Survival of the fittest
Wat verstaat De Bree eigenlijk onder de dinosauriër uit de titel? “Dat zijn organisaties die zich niet hebben aangepast aan hun omgeving. Die ‘fitten’ er niet meer lekker in. Ook zijn dergelijke organisaties erg intern gericht. Nieuwe concurrenten als Uber of WhatsApp zien ze niet aankomen. Organisatiedeskundige Mintzberg beschreef al de cyclus van organisaties en nadat een organisatie volwassen is geworden, zal de organisatie weer opnieuw moeten beginnen. Feitelijk als een startup. En die transitie blijkt voor veel traditionele organisaties een nauwelijks te nemen hindernis.”

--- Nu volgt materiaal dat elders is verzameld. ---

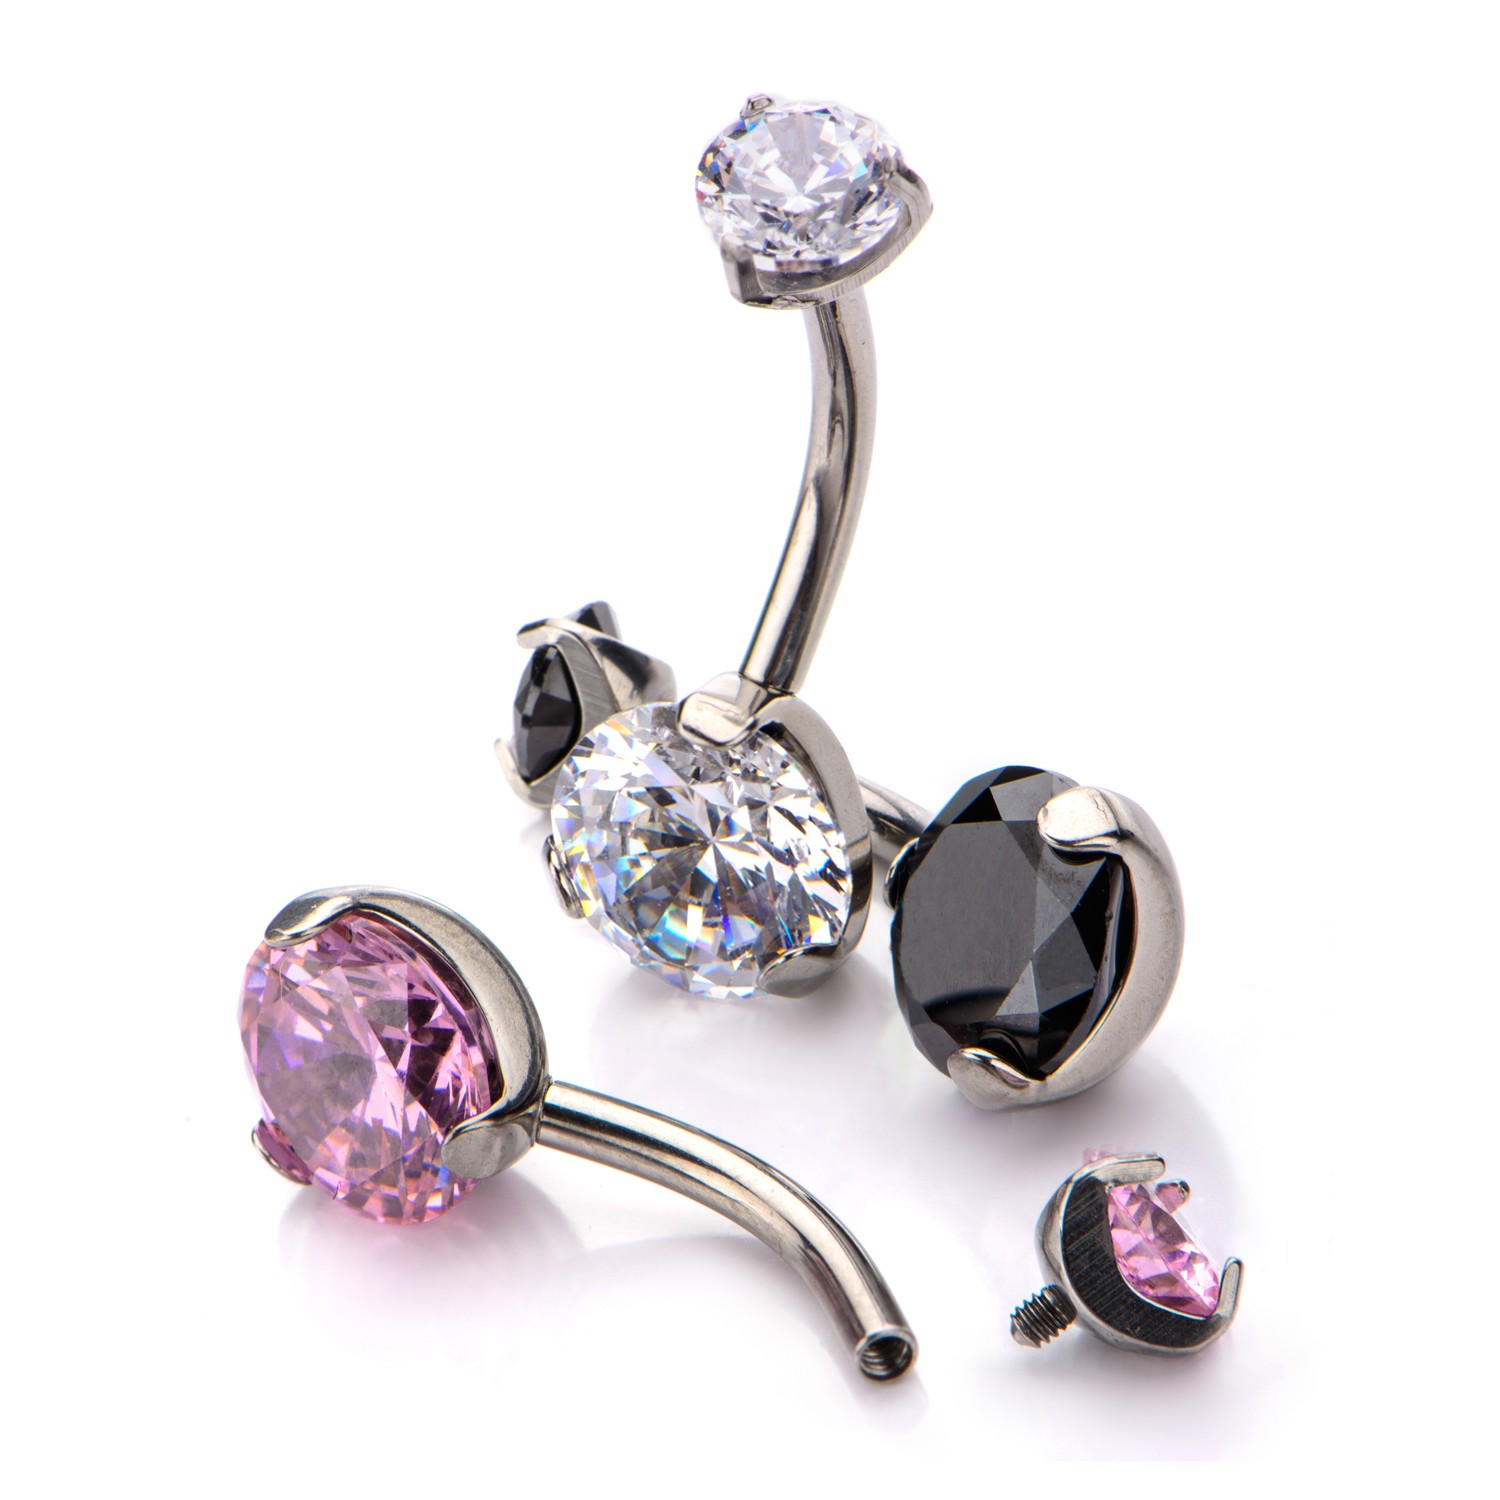 Black, pink, diamond belly button rings

Die dinosauriërs moeten het bovendien opnemen tegen wendbare organisaties zoals startups en nog een ander, nieuw soort organisatie: de netwerkorganisaties online en offline. “Jay R. Galbraith zei al in 1995 dat de virtuele organisatie de toekomst zou hebben. Nu de prijs van IT door internet drastisch is gedaald, is dit een realiteit geworden. Het kost niks meer om allerlei hoog opgeleide professionals uit verschillende disciplines bij elkaar te halen en zo waarde te creëren door ze met behulp van nieuwe technologie te laten samenwerken. En die professionals hoeven in principe ook niet meer voor je eigen organisatie te werken. De klanten interesseert het niet hoe bedrijven zich organiseren, en welke instrumenten ze inzetten, ze willen gewoon maximale waarde voor hun geld en ze willen herkend en erkend worden. Klantervaring wordt steeds belangrijker. Een strategie van ‘klantenpartner’ met andere woorden. In een moderne netwerkorganisatie houdt men centraal bij welke professionals wat voor elkaar hebben gekregen. Als de klant vervolgens iets wil, verbindt men de juiste professionals aan elkaar in een team of project om dat te regelen en laten ze hen verder met rust. Dat is hoe krokodillen zich organiseren.”
De grote ommekeer
Dan de hamvraag; kan een dinosauriër een krokodil worden? Jazeker, maar makkelijk is het niet. Bij grote veranderingen komen de machtsverhoudingen op scherp te staan. Nieuwe leiders aan de top hebben het profiel van een ondernemer en moeten volgens De Bree dan ook duidelijk zeggen: ‘de tussenlagen gaan eruit en we laten hen ook geen plannen meer maken voor de nieuwe organisatie’. Managers in de nieuwe organisatie zijn coördinatoren die zorgen dat mensen het beste in zichzelf naar boven halen en dat hetgeen wat moet gebeuren, goed gebeurt. Meer is het niet. Dat is de verandering in leiderschap. Wat volgt is een verandering in cultuur. “Cultuur is een resultante en niet een ongrijpbaar iets”, vindt De Bree. “De instrumenten voor een cultuurverandering zijn voor handen, die zitten in de verschillende HR-instrumenten, in werving en selectie, in beloning en in bestraffing. Het is heel simpel, als je ander gedrag wilt, moet je andere instrumenten inzetten. Als Dijsselbloem ander gedrag wilde bij ABN AMRO had hij er op aan moeten dringen dat het HR-instrumentarium ander gewenst gedrag was gaan bevorderen. En dat is niet gebeurt. Met alle gevolgen van dien voor de klanten, de medewerkers en de belastingbetaler.”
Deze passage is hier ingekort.